Improved Convergence in Parameter-Agnostic Error Feedback through Momentum
Abdurakhmon Sadiev, Yury Demidovich, Igor Sokolov, Grigory Malinovsky, Sarit Khirirat, Peter Richtárik
TL;DR
The paper tackles the challenge of distributed training with compressed communications by introducing EF21 methods that use normalization and parameter-agnostic stepsizes, enabling practical optimization without knowing problem-specific constants. Five momentum variants (Polyak, IGT, RHM, HM, MVR) are analyzed, yielding near-optimal convergence rates for nonconvex smooth objectives, with rates ranging from $\tilde{O}(1/T^{1/4})$ to $\tilde{O}(1/T^{1/3})$. Theoretical results are complemented by experiments on CIFAR-10 with ResNet-18, showing improved sample efficiency and favorable wall-clock performance, particularly for IGT and HM variants. The findings highlight that normalization plus momentum can closely match tuned, problem-dependent EF21 performance while reducing the practical burden of hyperparameter estimation in large-scale training.
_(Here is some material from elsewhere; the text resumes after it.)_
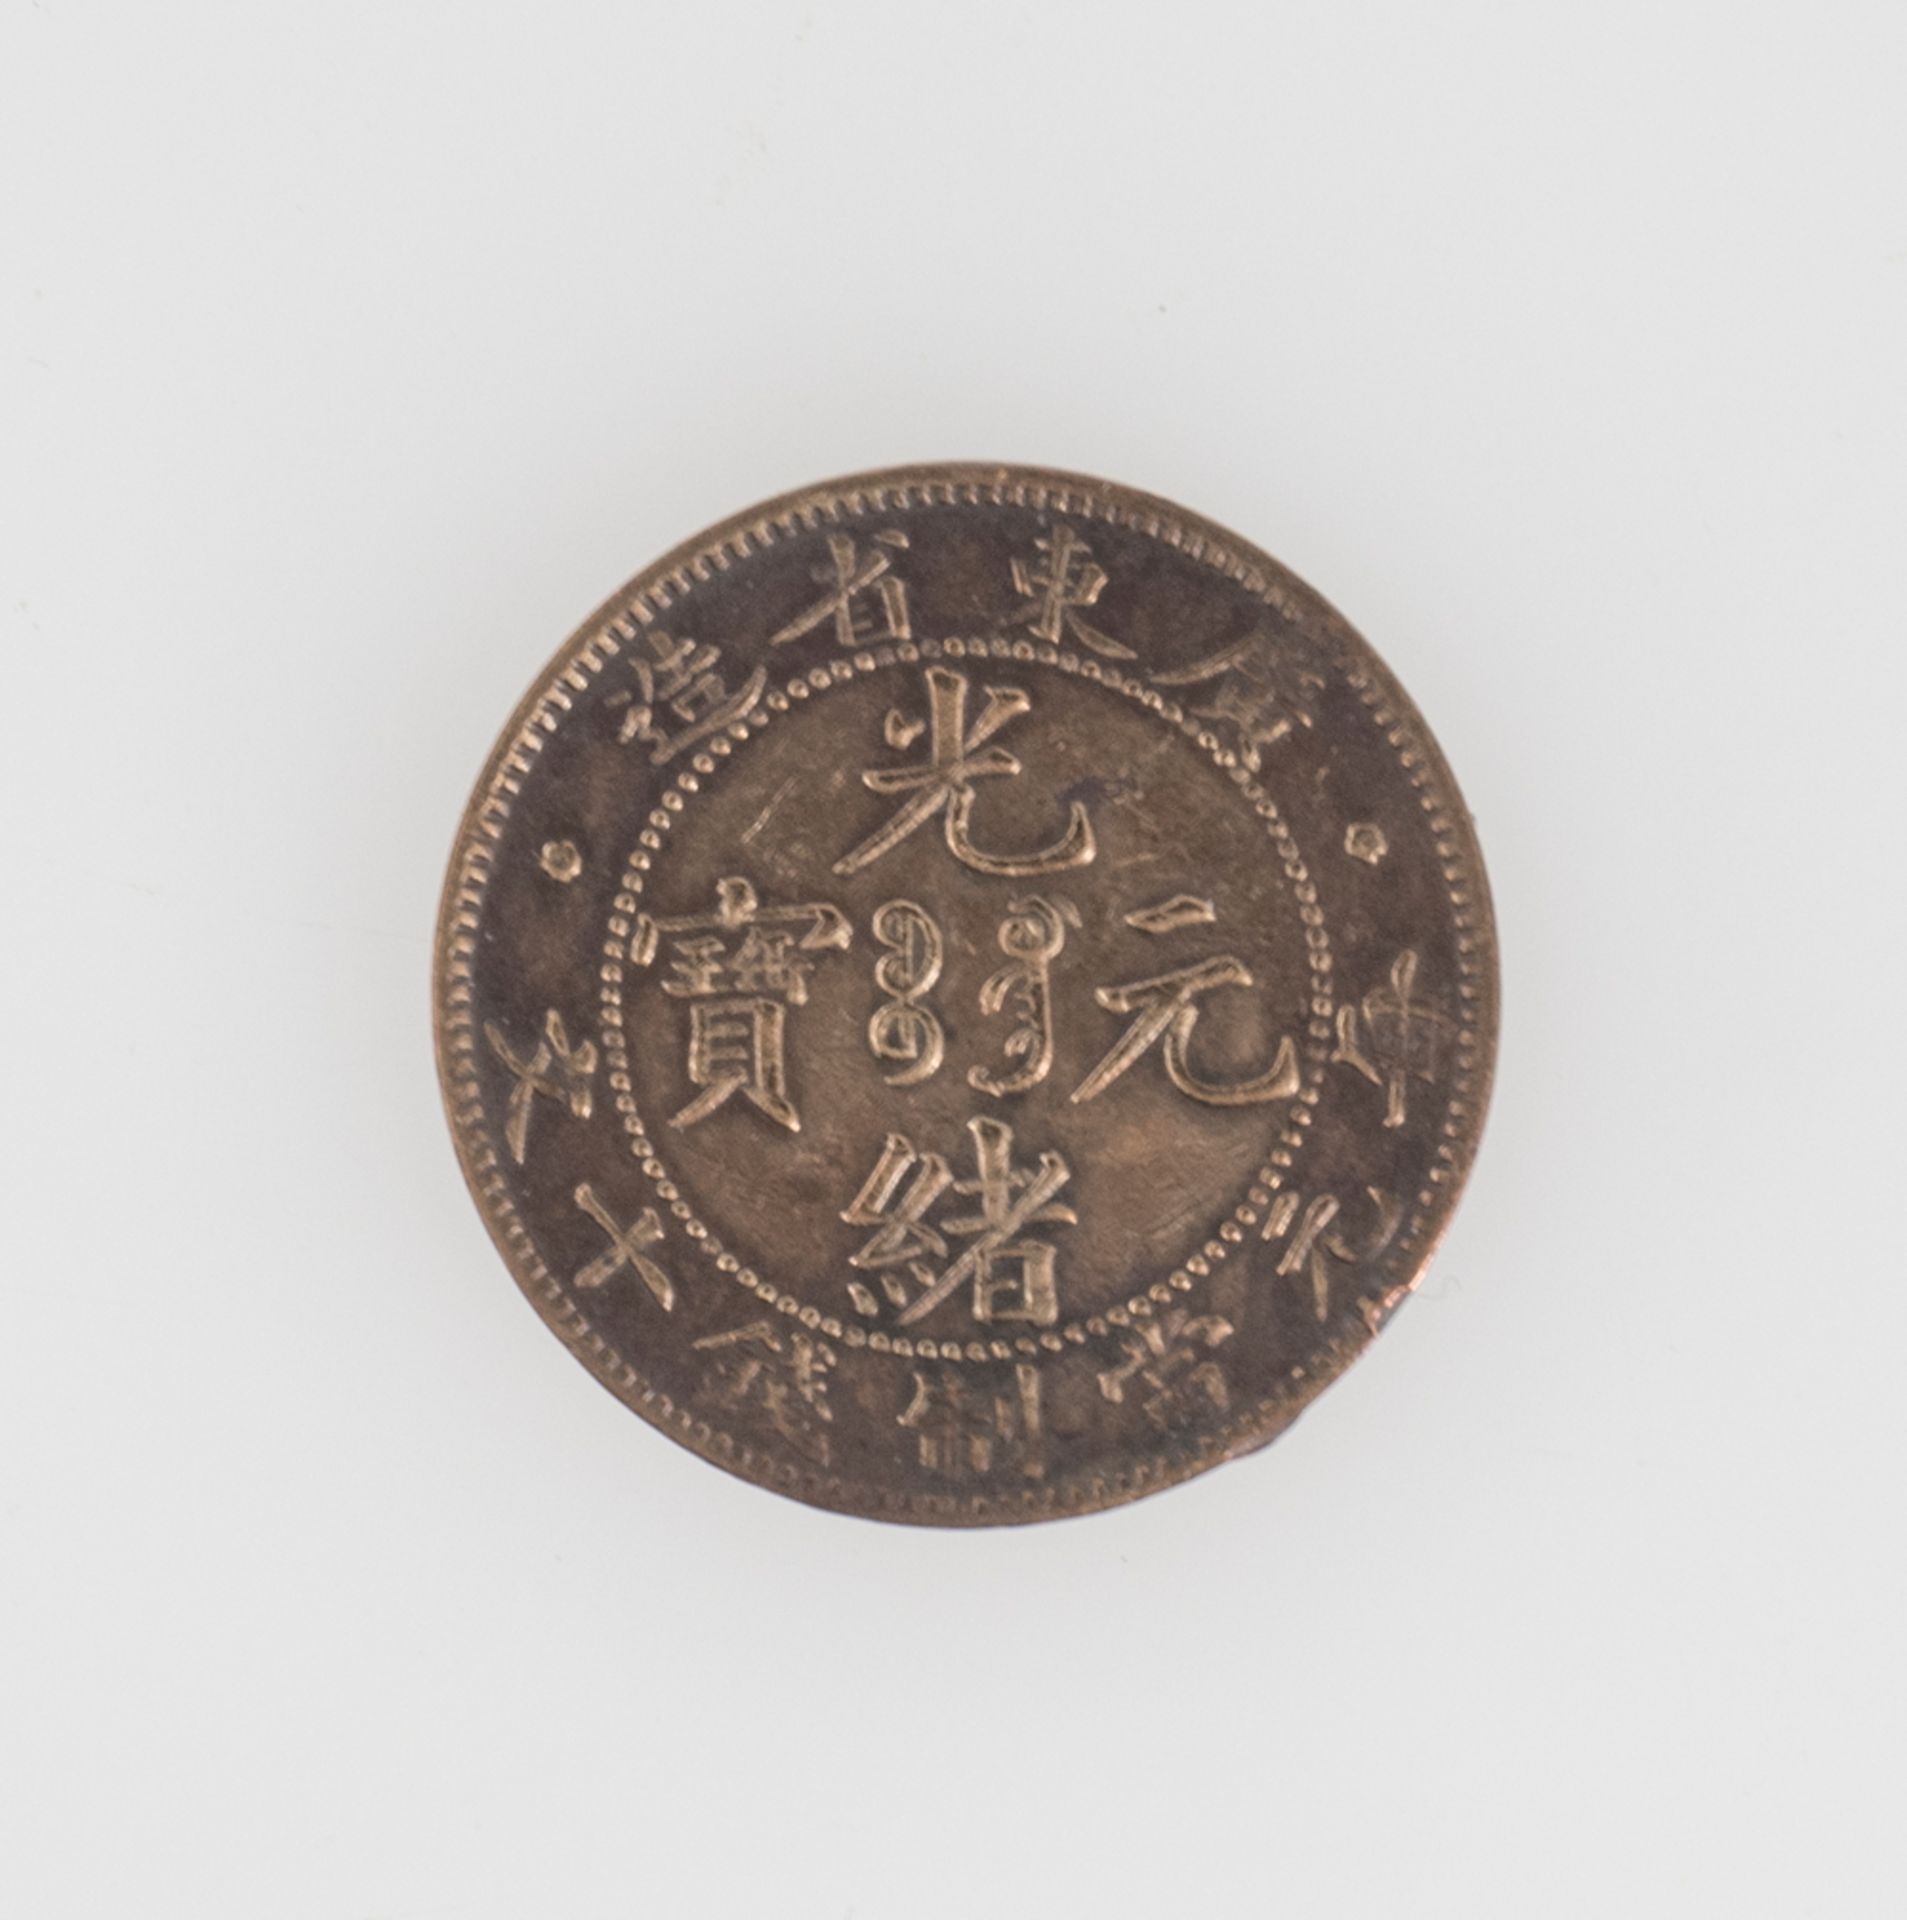 China Kwangtung, 10 Cash. Gewicht: ca. 7,6 g, Durchmesser ca. 22 mm. Erhaltung: ss. - Bild 2 aus 2

The work advances scalable distributed optimization under biased compression, with implications for federated and data-heterogeneous settings.
Abstract
Communication compression is essential for scalable distributed training of modern machine learning models, but it often degrades convergence due to the noise it introduces. Error Feedback (EF) mechanisms are widely adopted to mitigate this issue of distributed compression algorithms. Despite their popularity and training efficiency, existing distributed EF algorithms often require prior knowledge of problem parameters (e.g., smoothness constants) to fine-tune stepsizes. This limits their practical applicability especially in large-scale neural network training. In this paper, we study normalized error feedback algorithms that combine EF with normalized updates, various momentum variants, and parameter-agnostic, time-varying stepsizes, thus eliminating the need for problem-dependent tuning. We analyze the convergence of these algorithms for minimizing smooth functions, and establish parameter-agnostic complexity bounds that are close to the best-known bounds with carefully-tuned problem-dependent stepsizes. Specifically, we show that normalized EF21 achieve the convergence rate of near ${O}(1/T^{1/4})$ for Polyak's heavy-ball momentum, ${O}(1/T^{2/7})$ for Iterative Gradient Transport (IGT), and ${O}(1/T^{1/3})$ for STORM and Hessian-corrected momentum. Our results hold with decreasing stepsizes and small mini-batches. Finally, our empirical experiments confirm our theoretical insights.